What’s new in TensorFlow 2.15

Posted by the TensorFlow team

TensorFlow 2.15 has been released! Highlights of this release (and 2.14) include a much simpler installation method for NVIDIA CUDA libraries for Linux, oneDNN CPU performance optimizations for Windows x64 and x86, full availability of tf.function types, an upgrade to Clang 17.0.1, and much more! For the full release note, please check here.

Note: Release updates on the new multi-backend Keras will be published on keras.io starting with Keras 3.0. For more information, please check here.

TensorFlow Core

NVIDIA CUDA libraries for Linux

The tensorflow pip package has a new, optional installation method for Linux that installs necessary NVIDIA CUDA libraries through pip. As long as the NVIDIA driver is already installed on the system, you may now run pip install tensorflow[and-cuda] to install TensorFlow’s NVIDIA CUDA library dependencies in the Python environment. Aside from the NVIDIA driver, no other pre-existing NVIDIA CUDA packages are necessary. In TensorFlow 2.15, CUDA has been upgraded to version 12.2.

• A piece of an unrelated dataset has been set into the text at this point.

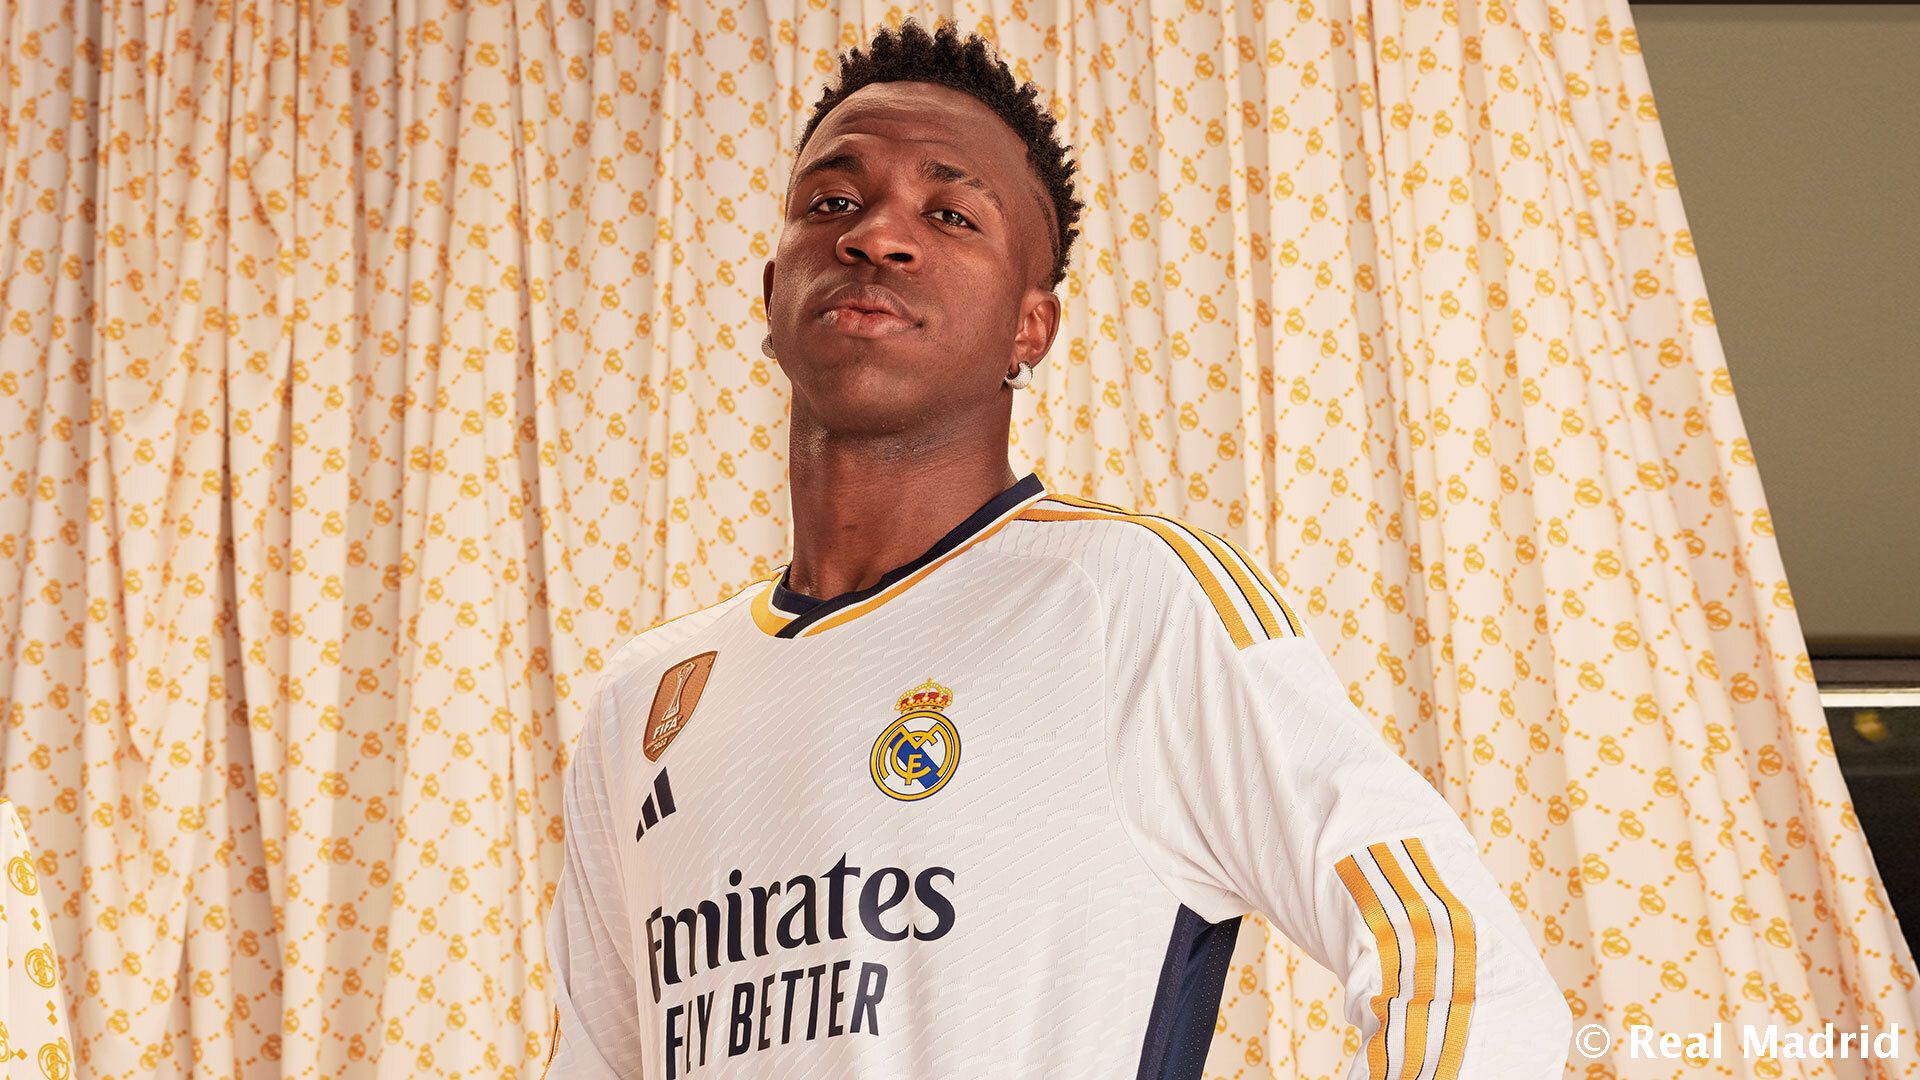 El Real Madrid suma una nueva camiseta a su colección - Notas de Fútbol

oneDNN CPU performance optimizations

For Windows x64 & x86 packages, oneDNN optimizations are now enabled by default on X86 CPUs. These optimizations can be enabled or disabled by setting the environment variable TF_ENABLE_ONEDNN_OPTS to 1 (enable) or 0 (disable) before running TensorFlow. To fall back to default settings, simply unset the environment variable.

tf.function

tf.function types are now fully available.

  • tf.types.experimental.TraceType now allows custom tf.function inputs to declare Tensor decomposition and type casting support. 
  • Introducing tf.types.experimental.FunctionType as the comprehensive representation of the signature of tf.function callables. It can be accessed through the function_type property of tf.function’s and ConcreteFunctions. See the tf.types.experimental.FunctionType documentation for more details. 
  • Introducing tf.types.experimental.AtomicFunction as the fastest way to perform TF computations in Python. This capability can be accessed through the inference_fn property of ConcreteFunctions. (Does not support gradients.) See the tf.types.experimental.AtomicFunction documentation for how to call and use it.

Upgrade to Clang 17.0.1 and CUDA 12.2

TensorFlow PIP packages are now being built with Clang 17 and CUDA 12.2 to improve performance for NVIDIA Hopper-based GPUs. Moving forward, Clang 17 will be the default C++ compiler for TensorFlow. We recommend upgrading your compiler to Clang 17 when building TensorFlow from source.